Above my desk, fixed to a nail via a tiny blue paper clip, hangs a postcard reproduction of 'Untitled 1958-59' by Mark Rothko. It's a colourful piece, awash with reds, blues, violets and browns in the inimitable Rothko style. It's very wide, very mental and very typical of his work. I like it... a bit.
I know very little about Rothko other than he's American, very recognisable and stylised in his work, and that he killed himself. Hardly a qualified observer, am I? I shall have to watch one of the two documentaries about him that I downloaded shortly after visiting the exhibition of his gigantic works at the Tate Modern.
I liked seeing his paintings - but even more enjoyable was reading the little stories behind them. Cornerstone of the exhibition was the 'Four Seasons' series commissioned by the US beverage company, Seagram, to hang in their impressive New York restaurant. The small print on the walls of the Tate Modern informed me (and Wikipedia subsequently reminded me) that these vertically-hung slabs of red, orange, black and brown rectangles and rounded-squares took several months and many thousands of dollars to produce. I stared and stared and tried to imagine what his Seagram paymasters would have made of these finished pieces? And what would it have been like to dine within these gloomy and overbearing surroundings? Rothko later said of his work that he had wanted to create "something that will ruin the appetite of every son-of-a-bitch who ever eats in that room". Then he went that extra bit further and elected to keep the pictures for himself, returning the huge fee back to Seagram, telling them to shove it. He'd visited the restaurant space, thought carefully about what he was doing, and withdrawn from his own project.
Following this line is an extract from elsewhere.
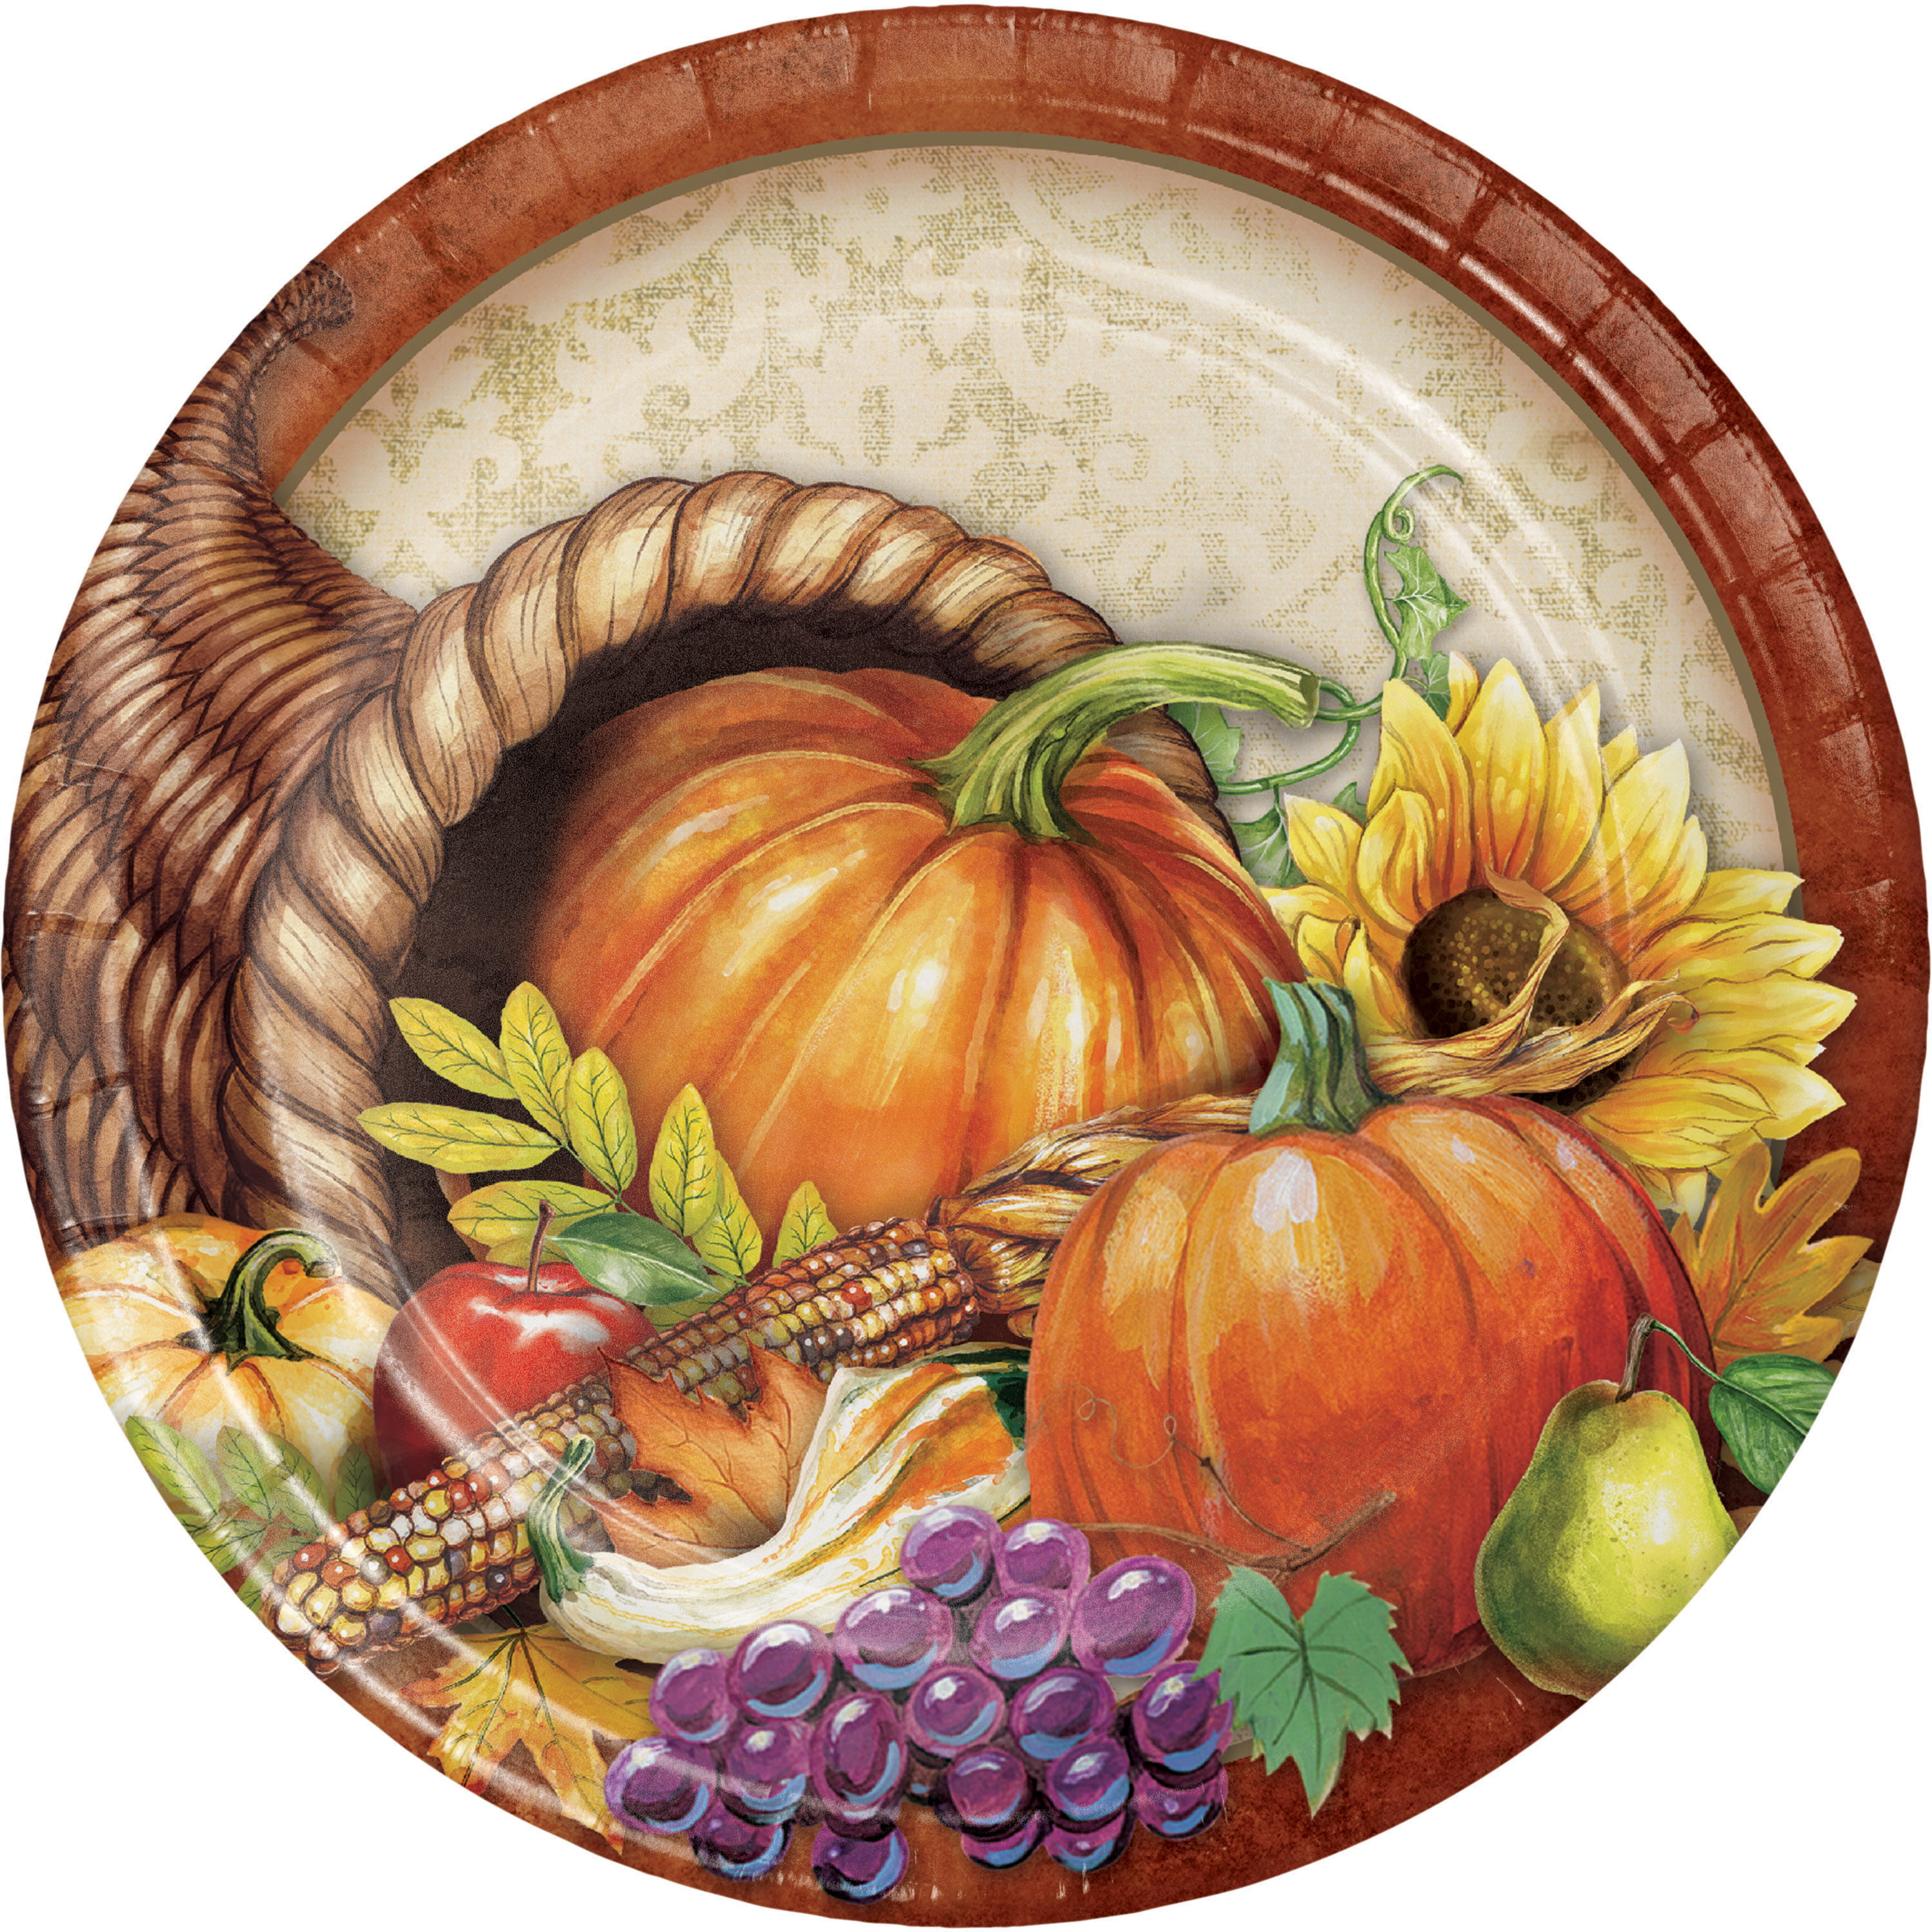 Harvest Thanksgiving Paper Plates, 24 count - Walmart.com

In another, darkened corner of the Tate Modern stood a series of black-on-nearly-black square canvases. The lights were purposely low in this gallery, so all one could see was the eternal blackness, darkness and doom. I again read the small print to discover that these oppressively bleak boards were intended for a little chapel in Houston. In my mind's ear, I could imagine the glorious scene when Rothko handed them over to, presumably, a grateful little old church lady: "Thankyou so much, Mr Rothko, they're lovely. Um... they're a little dark, aren't they?"
I laughed out loud in the gallery as I thought of these irretrievably dark canvases blocking the light and sucking the soul out of that tiny chapel. They could hardly have refused his donation, could they? Then I wondered what Rothko himself would have made of this exhibition as a whole, complete with infra red photography and x-rays designed to lay bare the great artist's otherwise invisible brushwork.
He might have found it funny, he might have found it strange. Or he might have thrown an almighty big strop and burned the place down.
I do hope it's the latter. There's nothing more refreshing and inspiring than a properly grouchy curmudgeon.